# method for learning Chinese



## Laiiieta

大家好！

I was looking for a word in Chinese to talk about a "learning method" of Chinese. Would it be 汉语学习办法? It sounds weird to me...

I would like to find an expression to talk about a method for learning Chinese (that is the system a teacher uses for teaching Chinese, the books, the materials, the way of teaching...). 

Please help! 

非常感谢！


----------



## fyl

方法 is better than 办法 here.


----------



## philchinamusical

Agree with @fyl . And we will usually put a "的" in the sentence. And in most of the case, the verb is always before its object.

So it is usually like:
学习汉语*的*方法, or
汉语*的*学习方法.


----------



## SuperXW

I agree. Just if the sentence is long, or you only want a short title of an article, 的 can be omitted, and the phrase becomes 汉语学习方法(Chinese-study methods).
If you want to emphases "one method" rather than "different methods", you can say 一种汉语学习方法, or 汉语的一种学习方法.


----------



## hx1997

Laiiieta said:


> I would like to find an expression to talk about a method for learning Chinese



学习汉语的方法 / 汉语学习方法 (for a learner)



Laiiieta said:


> the system a teacher uses for teaching Chinese, the books, the materials, the way of teaching...



汉语教学方法 (for a teacher)


----------



## retrogradedwithwind

you could use 理论,体系 if you emphasis the word system.

汉语教学理论
汉语教学理论体系


----------



## brofeelgood

Also 方式: 教学方式 / 学习方式.


----------



## Ghabi

学习法 is kind of idiomatic. I think it should be mentioned (hence 汉语学习法).


----------



## SimonTsai

retrogradedwithwind said:


> 汉语教学理论体系


I would doubt whether it is good enough in this case to be generally accepted.


----------



## philchinamusical

Ghabi said:


> 学习法 is kind of idiomatic. I think it should be mentioned (hence 汉语学习法)



"xx法" sounds more like "xx law/act" to me, like "基本法", or "交通法". I still prefer "方法" or "方式". In some cases when it's more about the detail of the methods, "手段" may be a better choice.


----------



## SimonTsai

@philchinamusical, we may make a joke of someone's sleeping in class by saying that it is 睡眠學習法.


----------



## philchinamusical

SimonTsai said:


> 睡眠學習法


You know what?

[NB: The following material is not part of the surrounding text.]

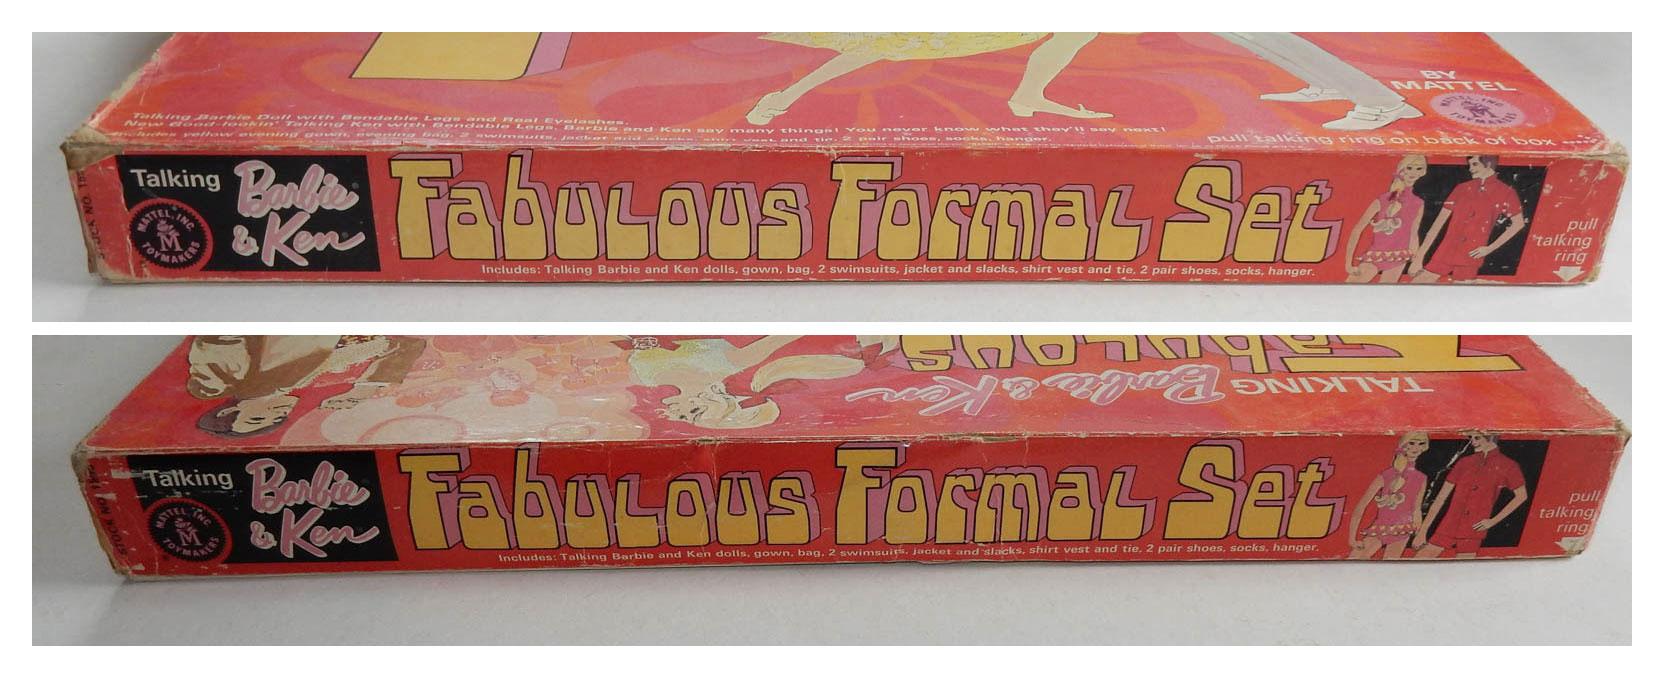 1969 #1595 Sears Fabulous Formal Set packaging detail

When I was in university 20 some years ago, we did have an article in our English text book titled "Learn While You Sleep". And it became one of our excuses when we skipped classes just to have more sleep.


----------



## hx1997

I have no problem with 学习法. There's an article named 英文学习法 attributed to 林语堂.


----------



## yingmin

I actually don't think "汉语学习办法" sounds weird.
Perhaps it is grammatically incorrect, but me and my chinese friends totally understand it.


----------



## Ghabi

philchinamusical said:


> "xx法" sounds more like "xx law/act" to me, like "基本法", or "交通法".


xx法 for "xxx method" is idiomatic. 学习法 is no less idiomatic than 归纳法/演绎法/输入法/构词法 etc. It's what's actually used in book titles.


----------



## Laiiieta

Wow thanks a lot everybody! (I'm answering a bit late, but I could not leave this "unthanked" )

非常感谢！


----------